Another study found increases in interleukin-10 in colitis patients who took a mindfulness meditation course compared to a mind-body educational program, especially among patients whose colitis had flared up. Yet another study found that patients who had greater increases in mindfulness after an MBSR course also showed faster wound healing, a process regulated by the immune system.
Studies have found effects on markers of inflammation, too—like C-reactive protein, which in higher levels can harm physical health. Research shows that people with rheumatoid arthritis have reduced C-reactive protein levels after taking an MBSR course versus being on a waitlist for the course. Overall, these findings suggest that mindfulness meditation can have disease-fighting powers through our immune response.
Cell aging occurs naturally as cells repeatedly divide over the lifespan and can also be increased by disease or stress. Proteins called telomeres, which are found at the end of chromosomes and serve to protect them from aging, seem to be impacted by mindfulness meditation.
Studies suggest that long-time meditators may have greater telomere lengths. In one experimental study, researchers found that breast cancer survivors who went through MBSR preserved the length of their telomeres better than those who were on a waitlist. However, this study also found that general supportive therapies impacted telomere length; so, there may not be something special about MBSR that impacts cell aging.
On the other hand, another study with breast cancer survivors found no differences in telomere length after taking an MBSR course; but they did find differences in telomere activity, which is also related to cell aging. In fact, a 2018 review of research ties mindfulness training to increased telomere activity, suggesting it indirectly affects the integrity of the telomeres in our cells. Perhaps that’s why scientists are at least optimistic about the positive effects of meditation on aging.
Of course, while the above physiological benefits of mindfulness are compelling, we needn’t forget that mindfulness also impacts our psychological well-being, which, in turn, affects physical health. In fact, it’s quite likely that these changes have synergistic effects on one another.
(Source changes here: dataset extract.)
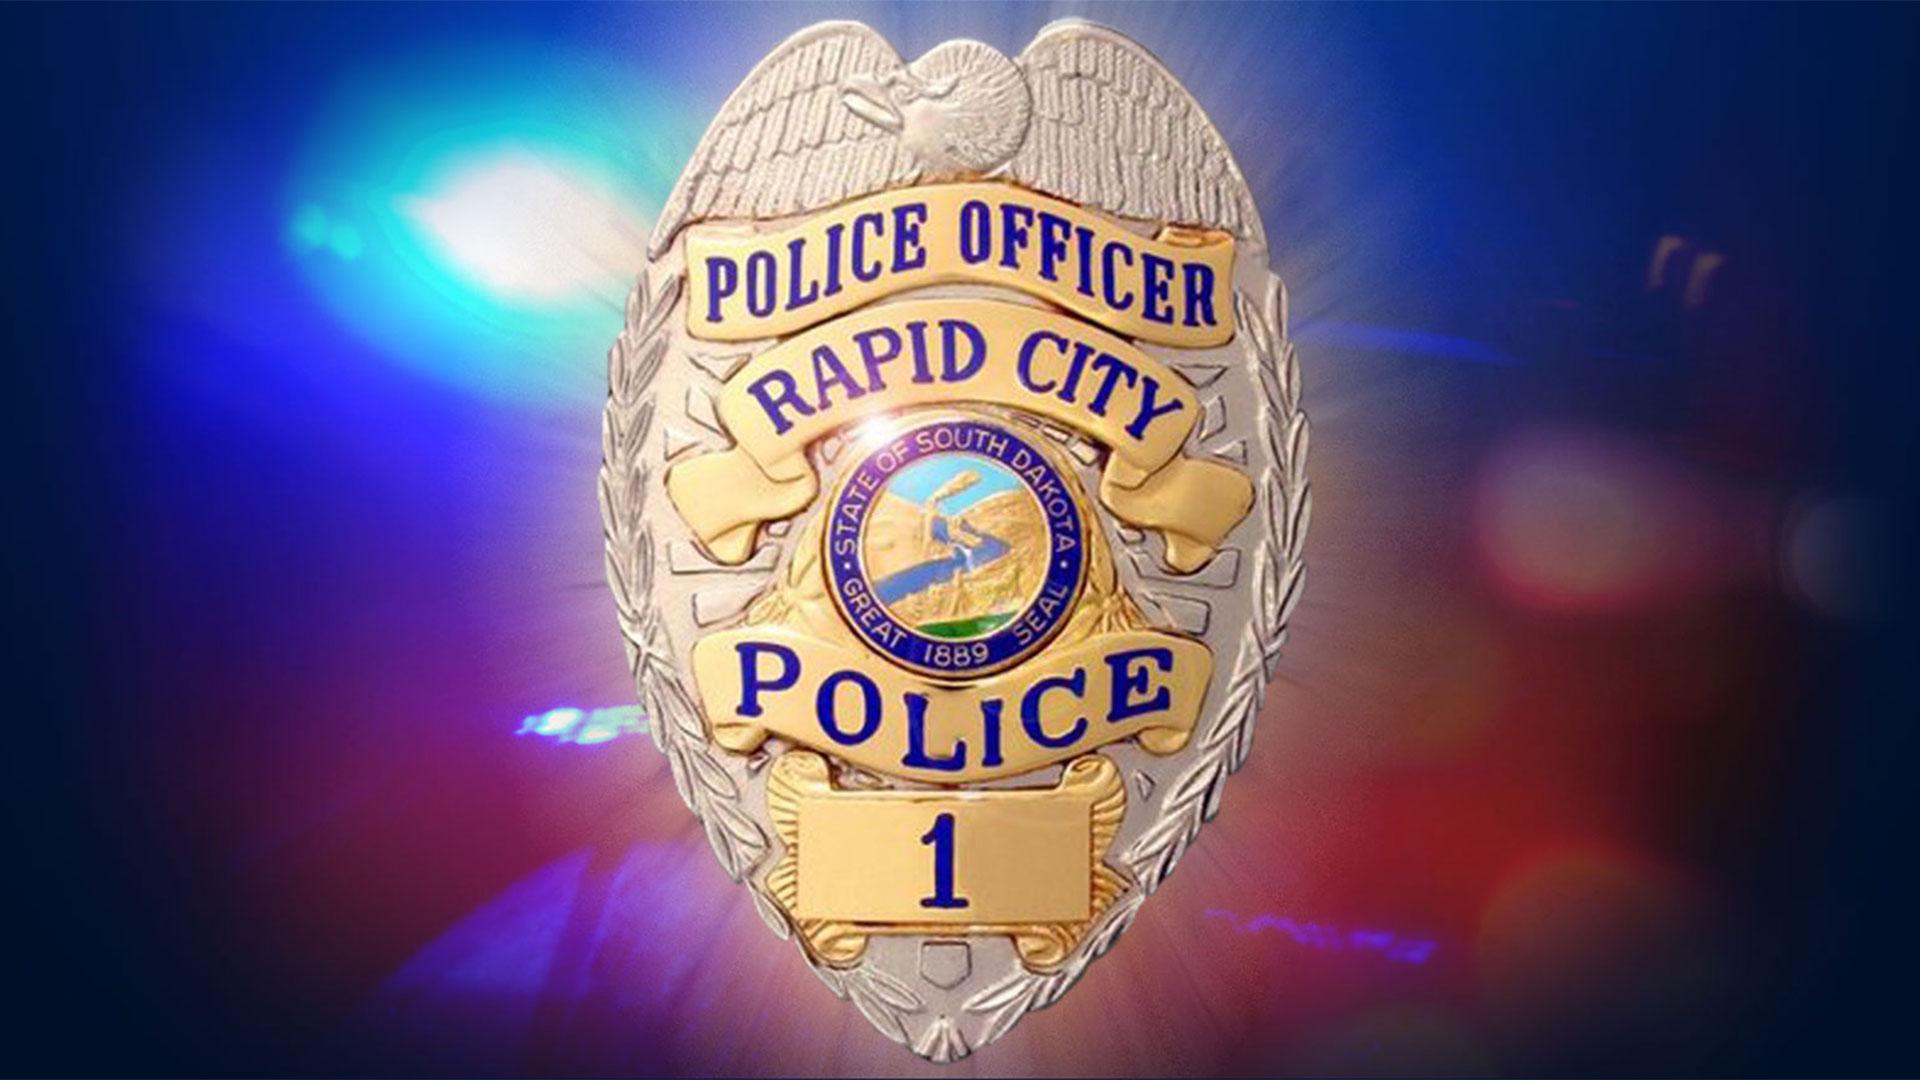 KELO Rapid City Police badge

First of all, a great deal of research suggests that mindfulness can help healthy people reduce their stress. And thanks to Jon-Kabat Zinn’s pioneering MBSR program, there’s now a large body of research showing that mindfulness can help people cope with the pain, anxiety, depression, and stress that might accompany illness, especially chronic conditions.
For example, drug addictions, at heart, come about because of physiological cravings for a substance that relieves people temporarily from their psychological suffering. Mindfulness can be a useful adjunct to addiction treatment by helping people better understand and tolerate their cravings, potentially helping them to avoid relapse after they’ve been safely weaned off of drugs or alcohol. The same is true for people struggling with overeating.
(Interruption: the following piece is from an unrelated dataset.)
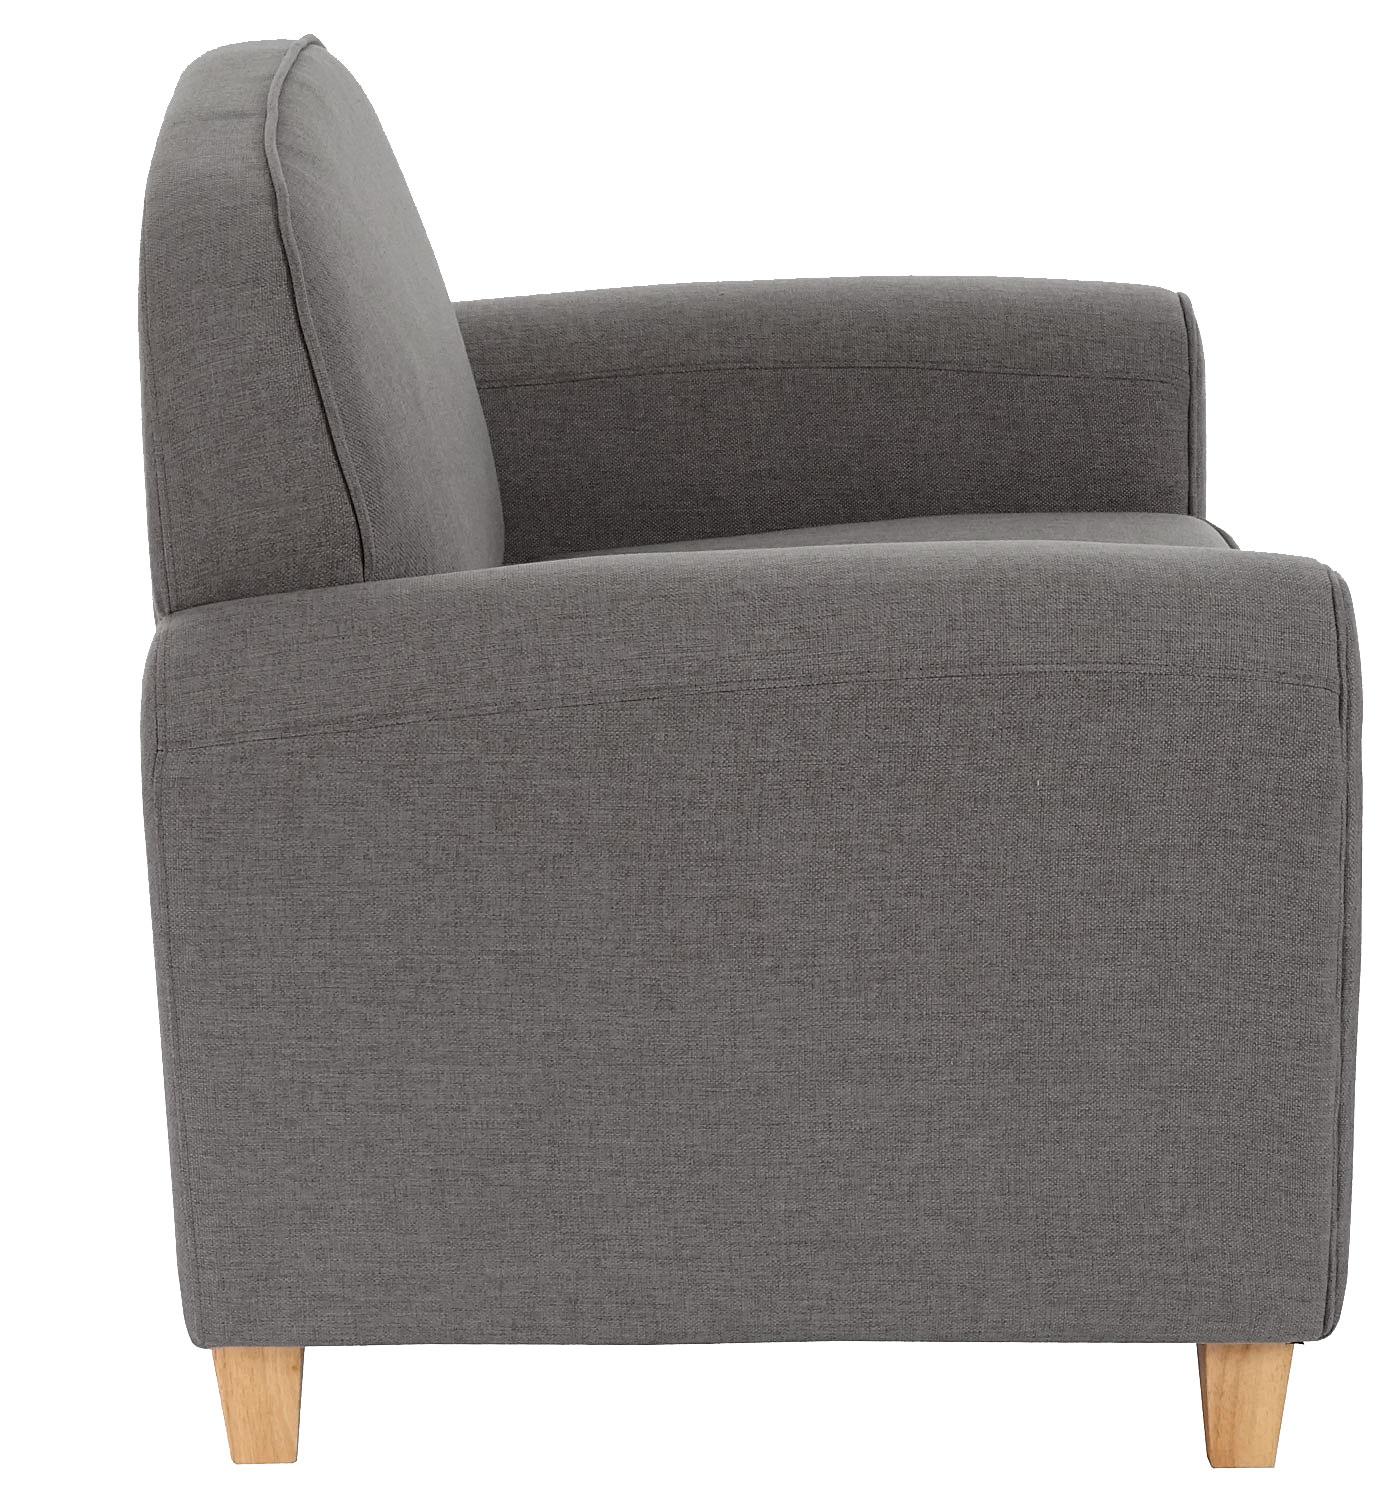 sessel malm t377 loungesessel polstersessel retro 50er jahre design dunkelgrau textil. Black Bedroom Furniture Sets. Home Design Ideas

Fascinating though it is, we shouldn’t overplay meditation’s effects on physical health at the expense of its importance to emotional health. In fact, it may be difficult to separate out the two, as a key impact of mindfulness is stress reduction, and psychological stress has been tied to heart health, immune response, and telomere length. This idea is further supported by the fact that other stress-reducing therapies also seem to impact physical health, as well.
Still, it’s encouraging to know that something that can be taught and practiced can have an impact on our overall health—not just mental but also physical—more than 2,000 years after it was developed. That’s reason enough to give mindfulness meditation a try.